Fighting human trafficking is part of building safer communities. If we are to truly achieve social cohesion and a gender-free society, we must all play our part to contribute to our envisioned society. Our Constitution provides for the provision of human dignity and the advancement of human rights and freedom. It recognises the end to human suffrage and the oppression of one by another. We are viewed to have one of the most liberal Constitution in the world. However, not everyone enjoys equal rights and freedom under it. Everyone has the right to life and to be protected. Our Constitution clearly stipulates that no one may be subjected to slavery and forced labour. It is against slavery. Therefore, whenever we are confronted with any form of it, it is our duty to uphold the Constitution and protect those that are oppressed.
Sihlalo, nathi singoomama masingathengisi ngabantwana bethu. Masingathi xa sisiva indlala kufika utata omdala oneminyaka engama-53 esithi ufuna ukumtshata lo mntwana uneminyaka eli-12 okanye eli-13 sivume. Ngumkhuba lowo kwaye ufunwa ukukhuzwa ugxothwe.

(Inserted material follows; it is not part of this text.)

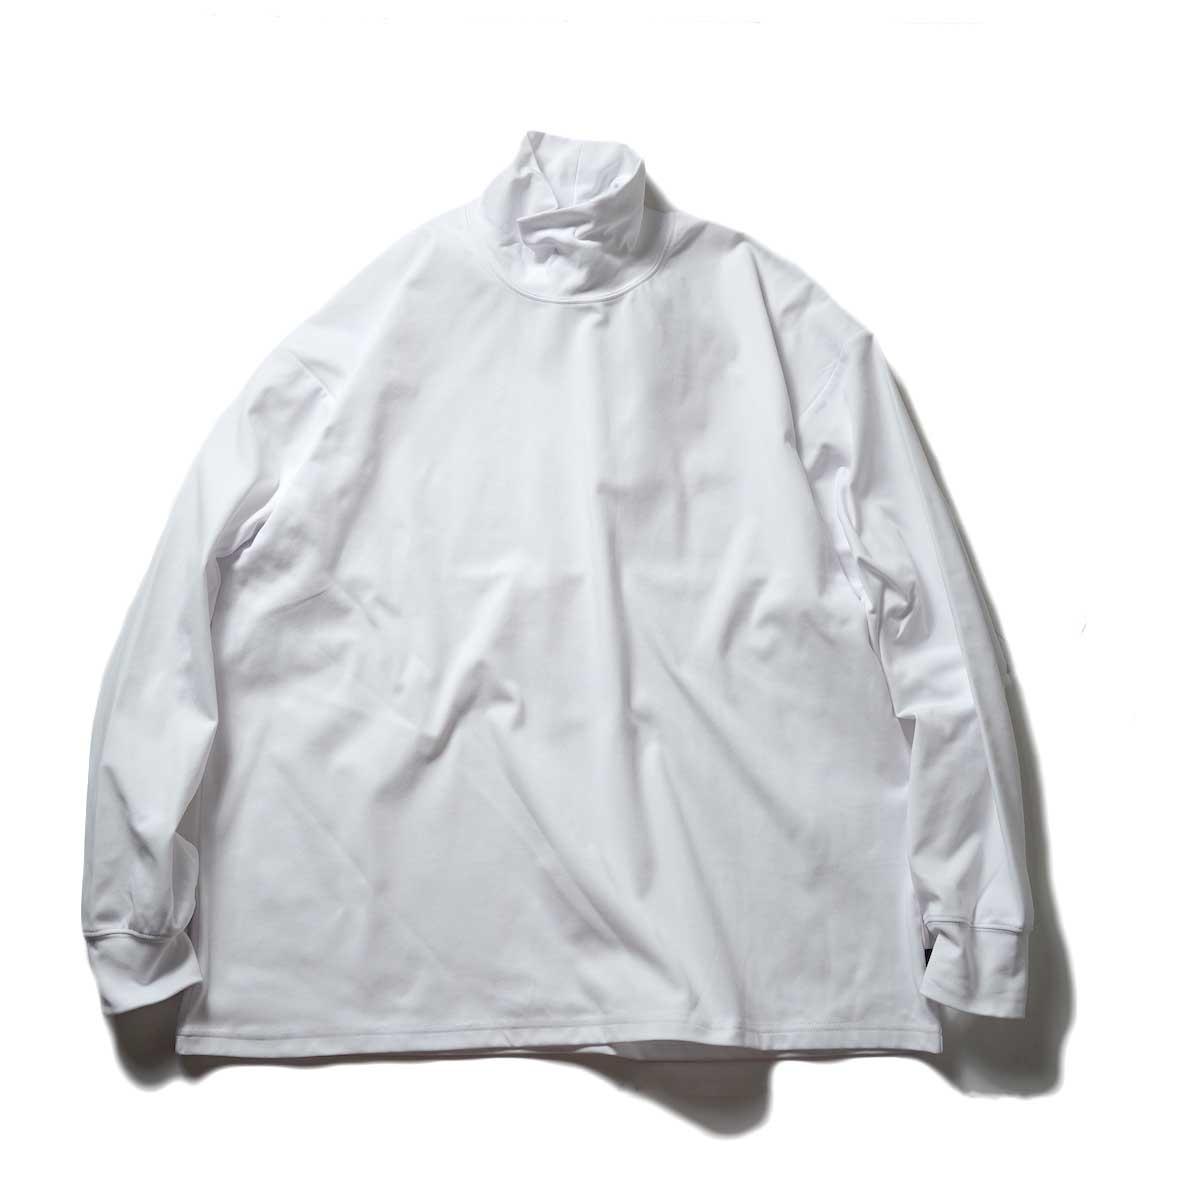 DAIWA PIER39 / TECH MOCK NECK TEE L/S (White)

Children deserve to be sheltered and reserve the right to any information that may be of significance to them. We cannot accept the character in which our society treat our children. As Tata Nelson Mandela says: “The true character of a society is revealed in how it treats its children.” How we are treating the most vulnerable cannot be the character that we want. I thank you, Chairperson.
The HOUSE Chairperson (Mr A J Nyambi): Hon members, allow me to take this opportunity to thank the Ministers, Dr Phaahla, hon Nkoana Mashabane, Deputy Minister Mhaule, Deputy Minister Mathale, our hon MECs form our respective provinces, special delegates, and all of you. The House is adjourned.